Dokter pun menyarankan agar Thiago memotong sebagian paru-parunya disebelah kanan agar ia bisa bertahan hidup lebih lama.
Tetapi, Thiago menolaknya dan lebih memilih untuk mendapatkan perawatan di rumah sakit lebih lama dari seharusnya.
Usai kondisinya berangsur membaik, Thiago Silva memutuskan untuk berhenti bermain sepak bola. Dynamo Moscow sendiri membayar semua biaya perawatannya. Akan tetapi, ia tak pernah bermain satu pertandingan pun. Akhirnya, kontrak itu dibatalkan dan Thiago harus kembali ke Brasil.
Setelah mendapat dorongan dari sang ibu, Thiago kembali bermain bola. Ia kembali merumput bersama klub Brasil, Fluminense. Di Fluminense, Thiago Silva berhasil bangkit dan menjadi sosok penting di klubnya tersebut.

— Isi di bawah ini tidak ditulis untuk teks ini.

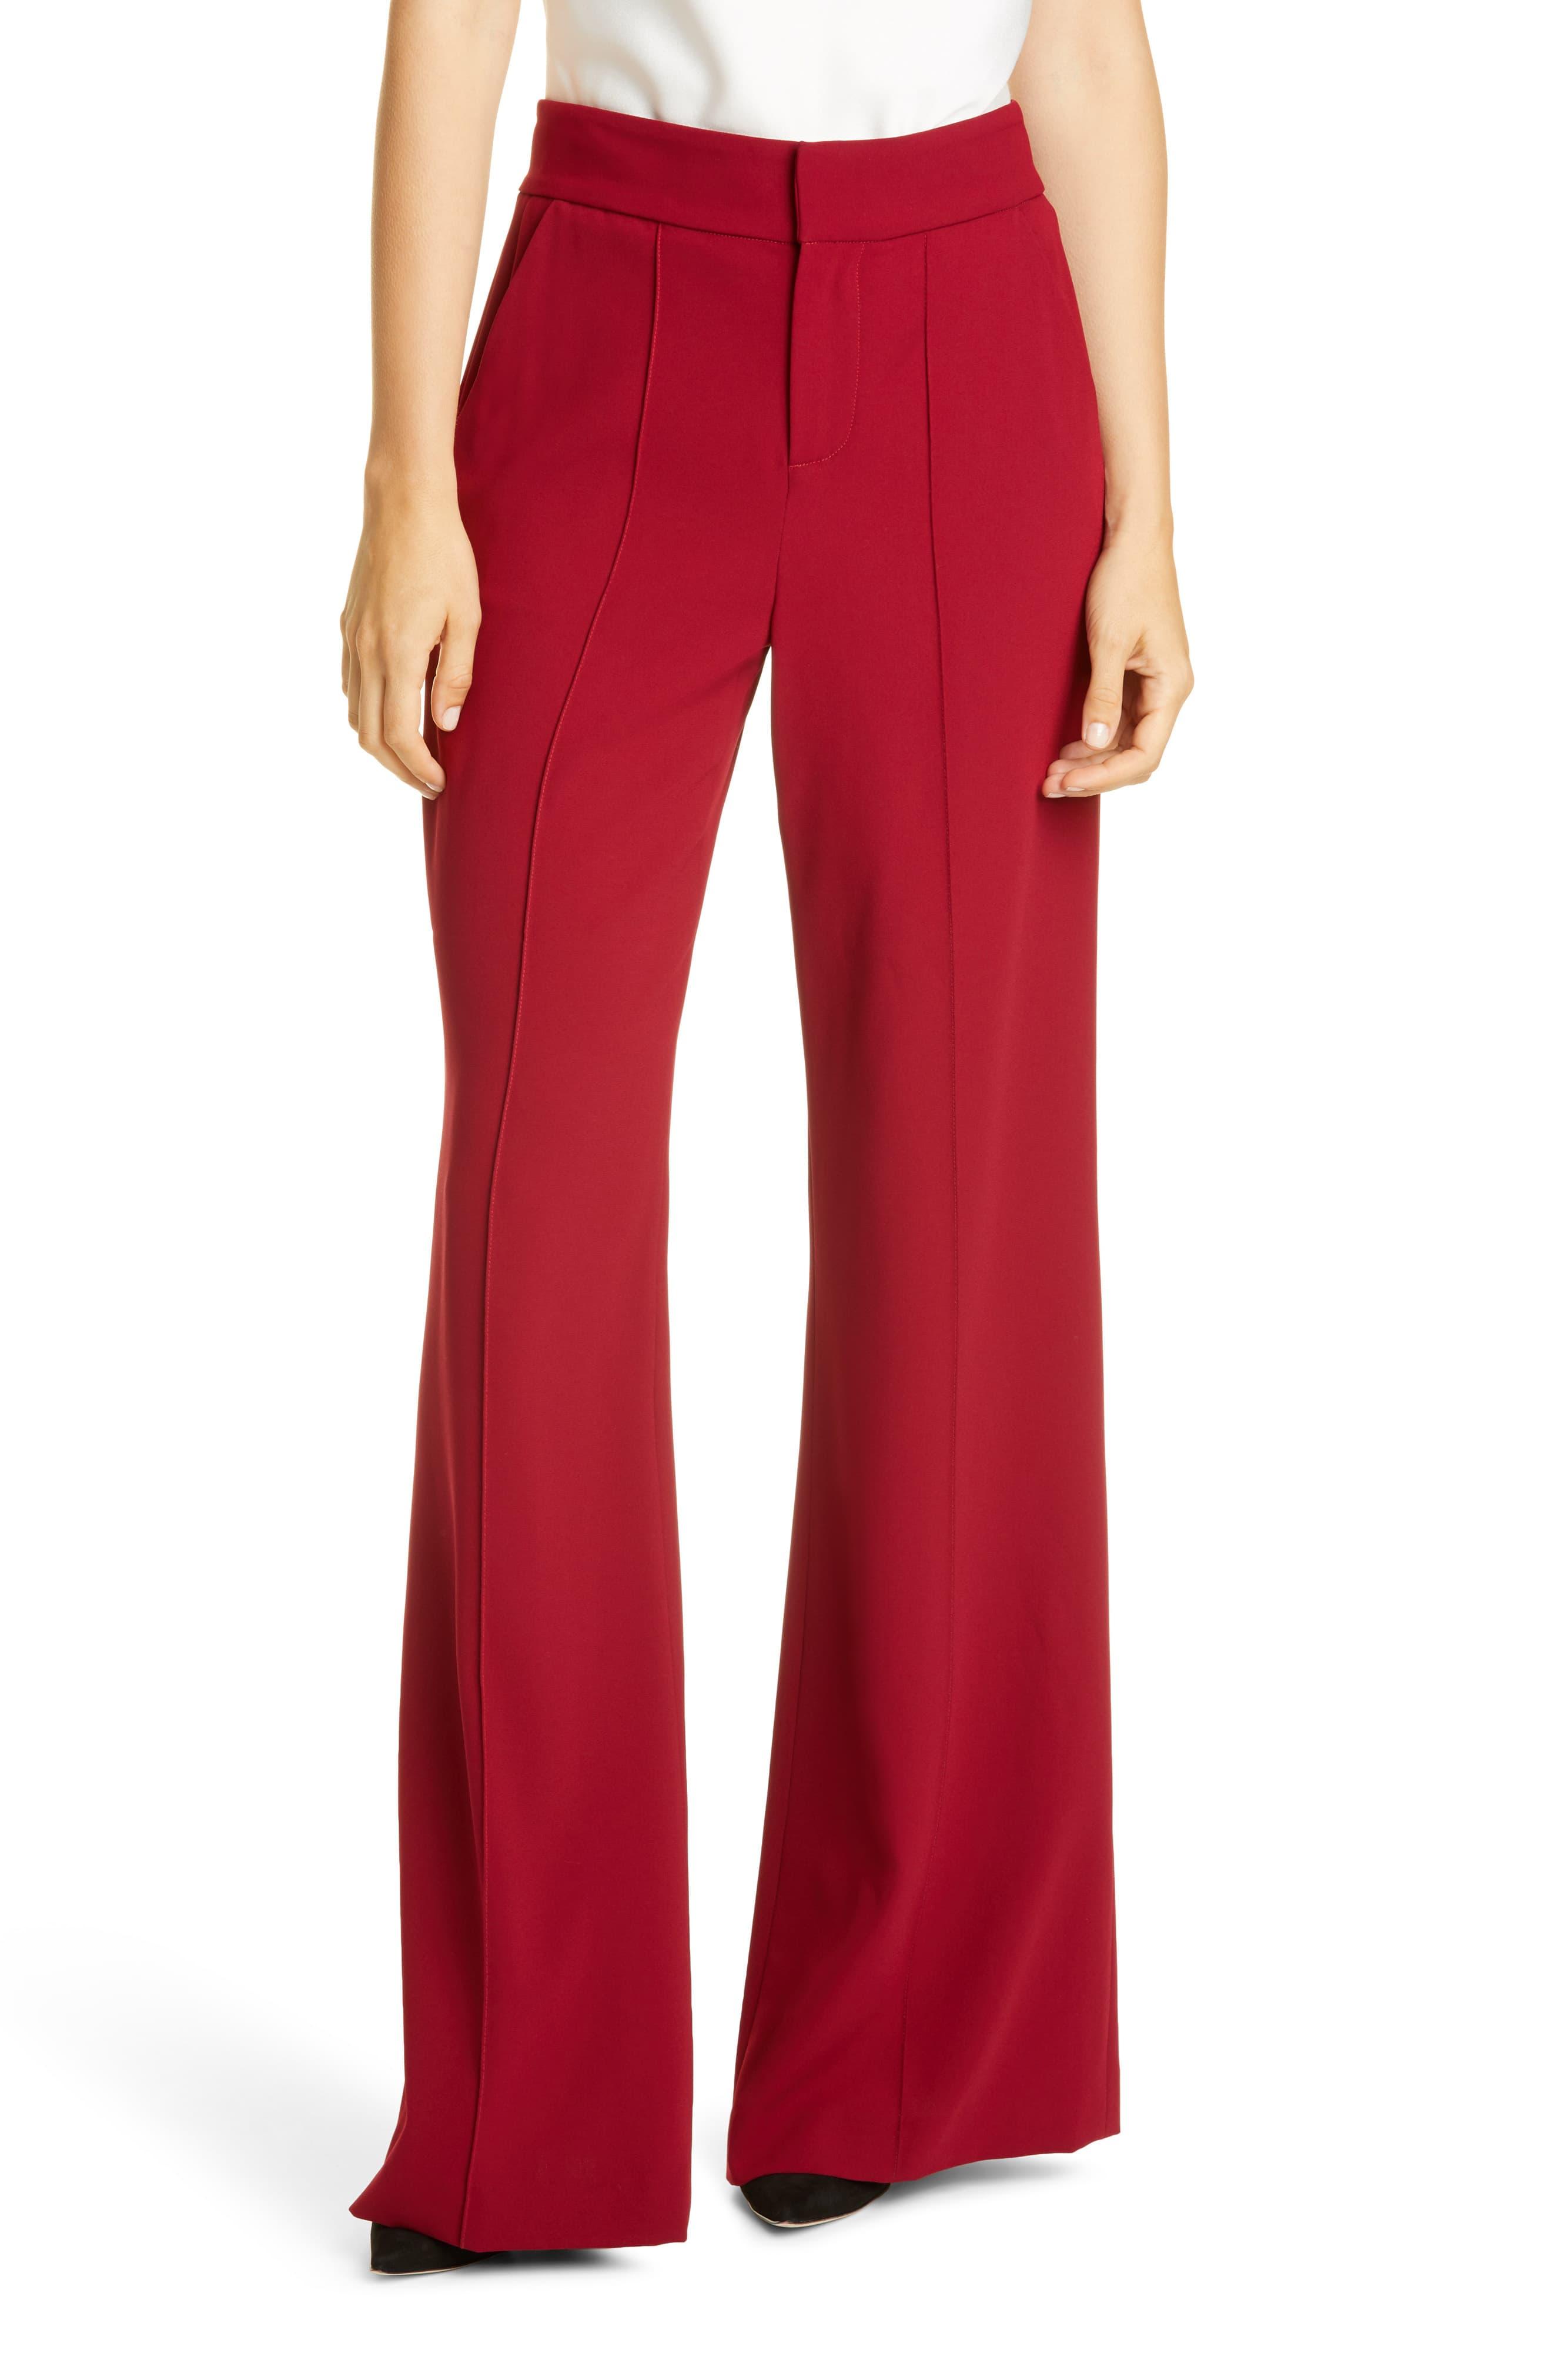 Alice + Olivia Dylan High Waist Wide Leg Pants in Bordeaux (Red) - Lyst

Dan tepat pada tahun 2009, AC Milan merekrut pemain asal Brasil itu. Dirinya menjadi skuat juara tim merah-hitam pada tahun 2011.
Melihat kesuksesannya di Milan, klub asal Prancis, PSG, tertarik untuk meminangnya. Dengan biaya transfer mencapai 42 juta Euro atau sekitar 652 miliar rupiah, Thiago Silva resmi berseragam el Parisians.
Menjalani musim luar biasa bersama PSG, Thiago Silva menjelma menjadi salah satu bek terbaik dunia. Di timnas Brasil pun, ia sering menjadi pilihan utama untuk mengisi pos pertahanan tim.